I try not to complain usually because we really are blessed in so many ways. But there are days lately where I am just sad and feel completely out of hope. Where I feel frustrated that it is so easy for some people and we have to endure this pain, but then guilty for even thinking that way. It’s hard being so overwhelmed and in so much pain sometimes, but then knowing that you have to keep going because that’s the only way to get where you want to be. It’s torture knowing that things will probably get worse before they get better, but encouraging knowing that if we can get through this it will just become another day. Another step forward. If there’s one thing that keeps me hopeful, it’s reading other adoptive parents’ stories about the day they got “the call” or the day they met their child for the first time. Or stumbling across a link on pinterest to an adoption blog, only to discover that the article on “waiting” it linked to is two years old and the family now has a two beautiful children. The wait really does come to an end.

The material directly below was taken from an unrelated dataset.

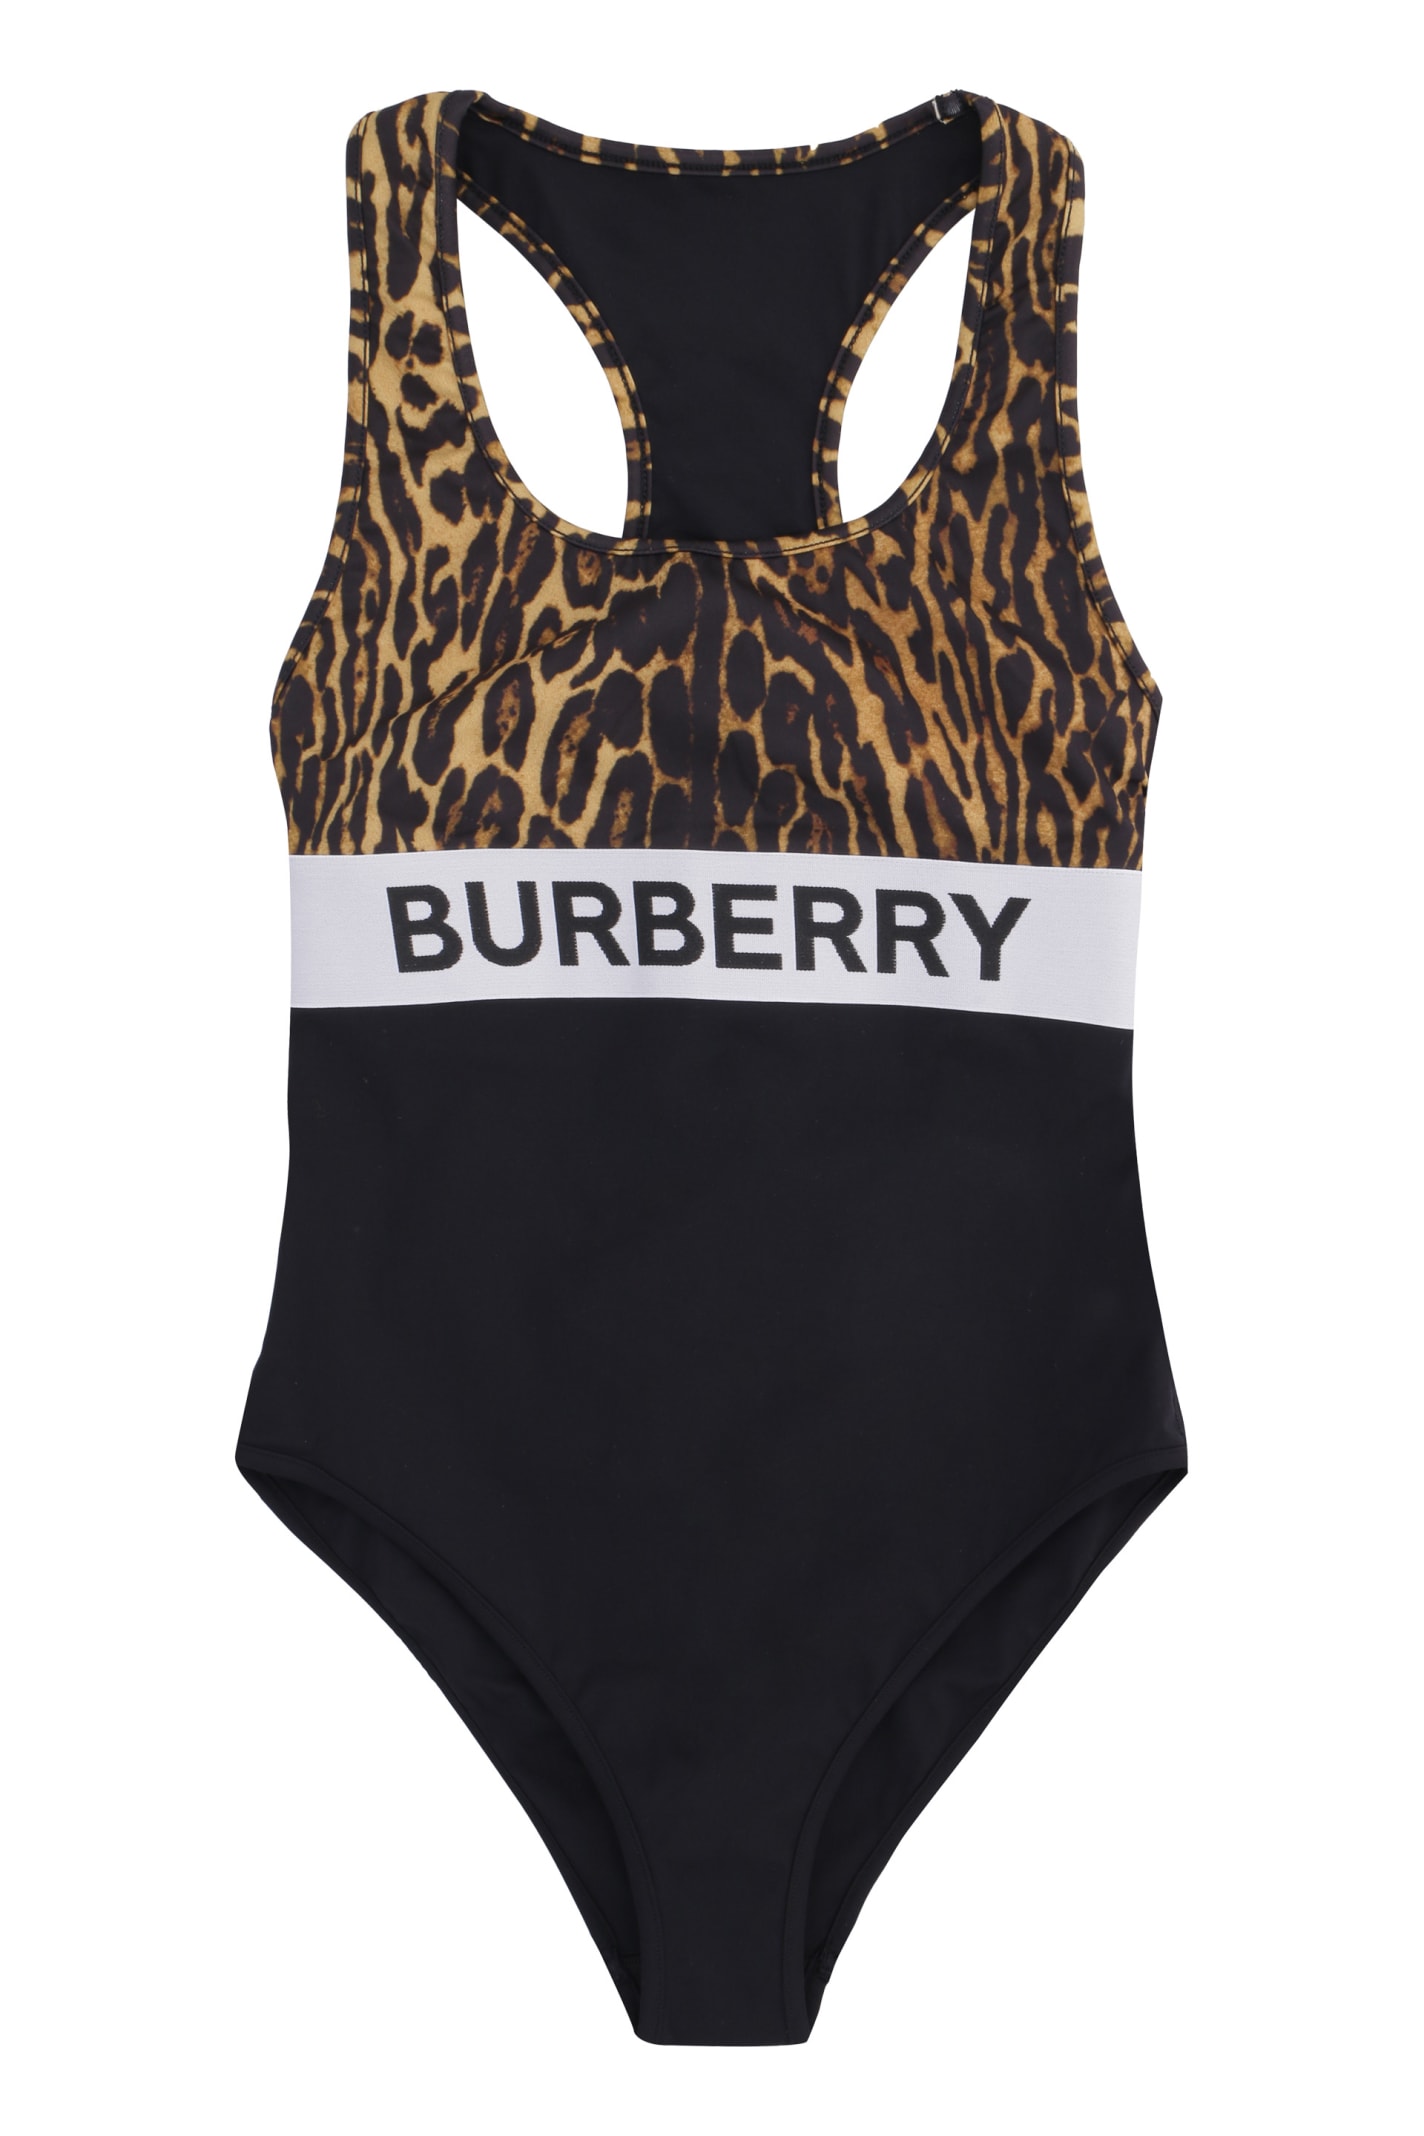 burberry swimsuit sale
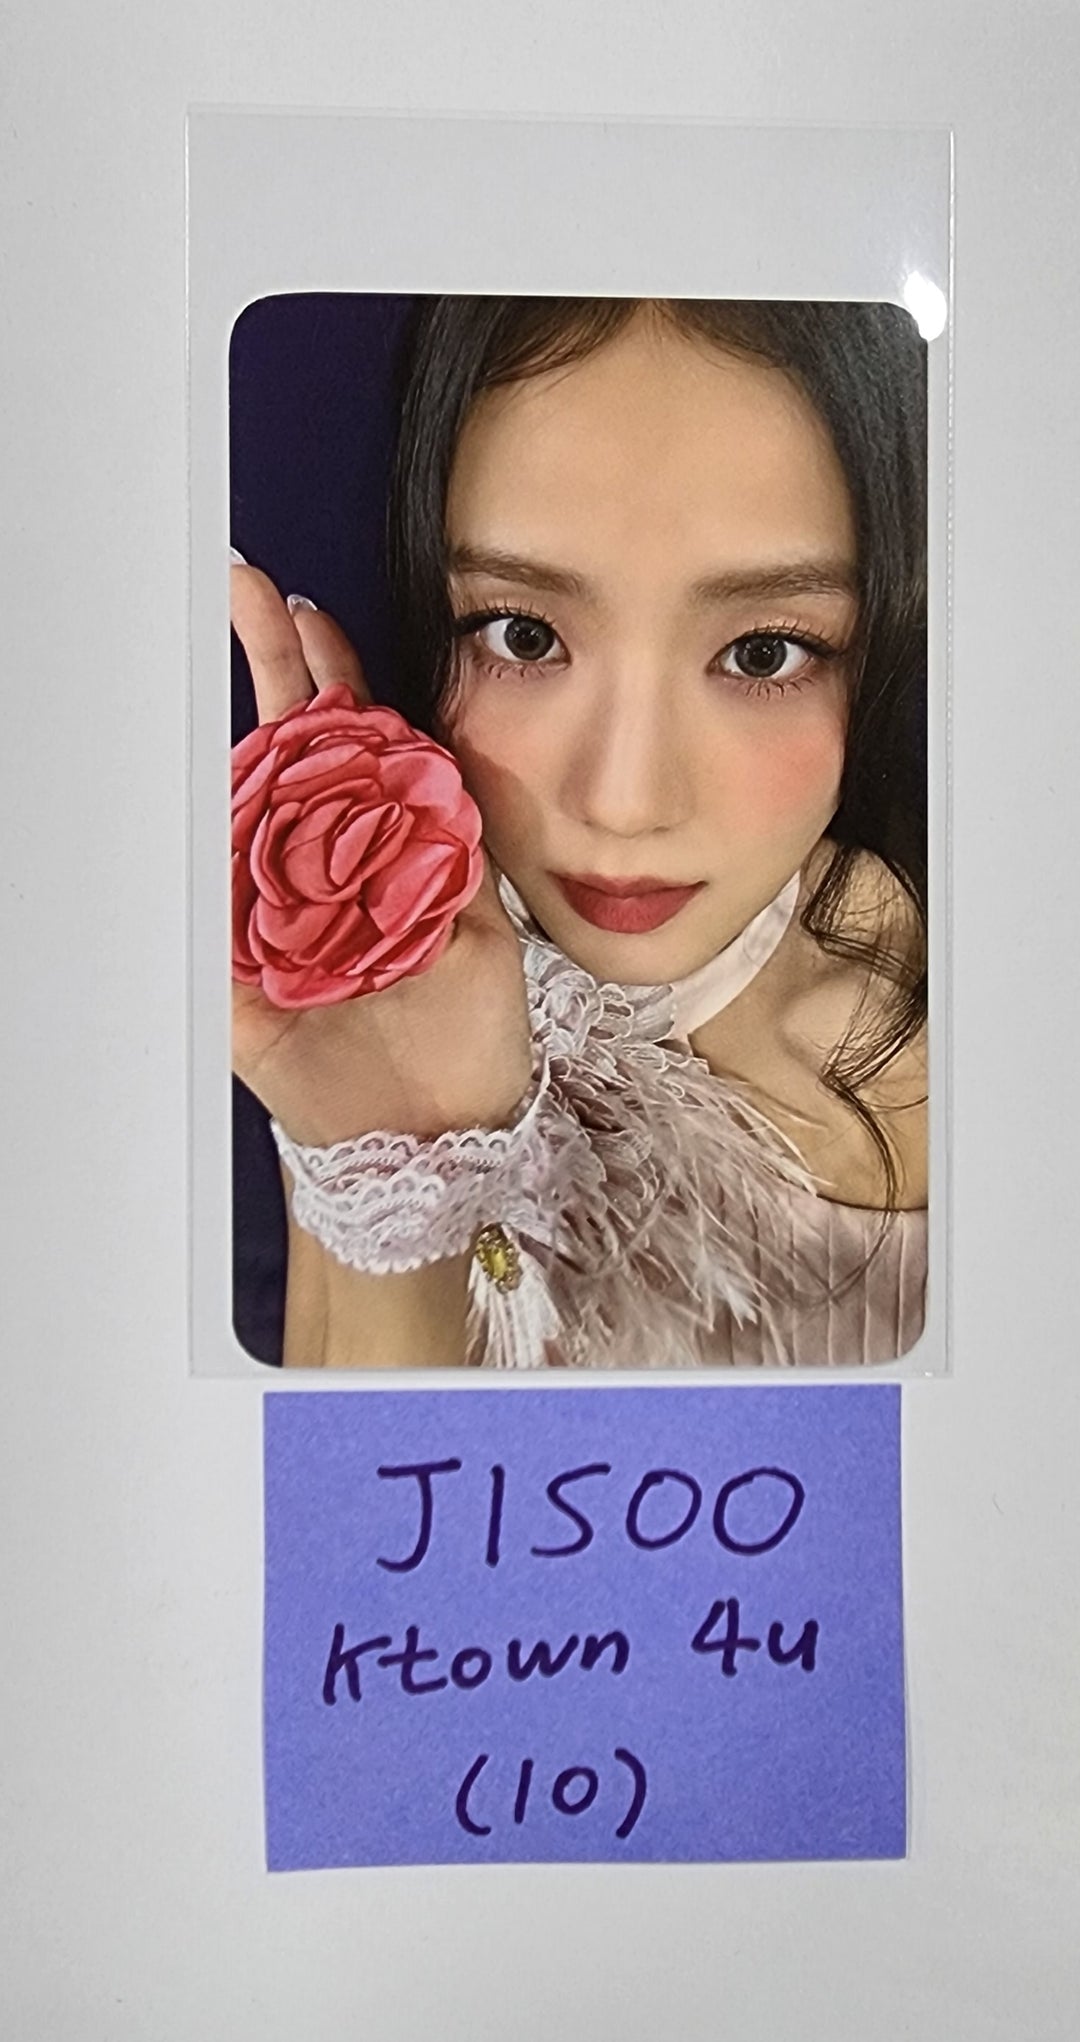 JISOO (Of Black Pink) "ME" - Ktown4U 予約特典フォトカード

Today marks one year since we sent in our homestudy documents and officially started the process. It’s really hard knowing that it’s already been so long and that we still don’t really have an endpoint. Holidays are especially hard, because it reminds you of how much time has gone by and you remember thinking last year that that would be your last Easter (or Christmas, etc.) as a family of two. Of course it would be your turn this year to buy a cute Easter outfit and take photos of your little one with a creepy oversized bunny. But it doesn’t always work out like that.

So here we are. One year, one failed match, one scam and a whole lot of ups and downs later. Really looking forward to that day when we meet the little person we’re doing this all for and understand how all this trouble is shaping us into the parents we are supposed to be.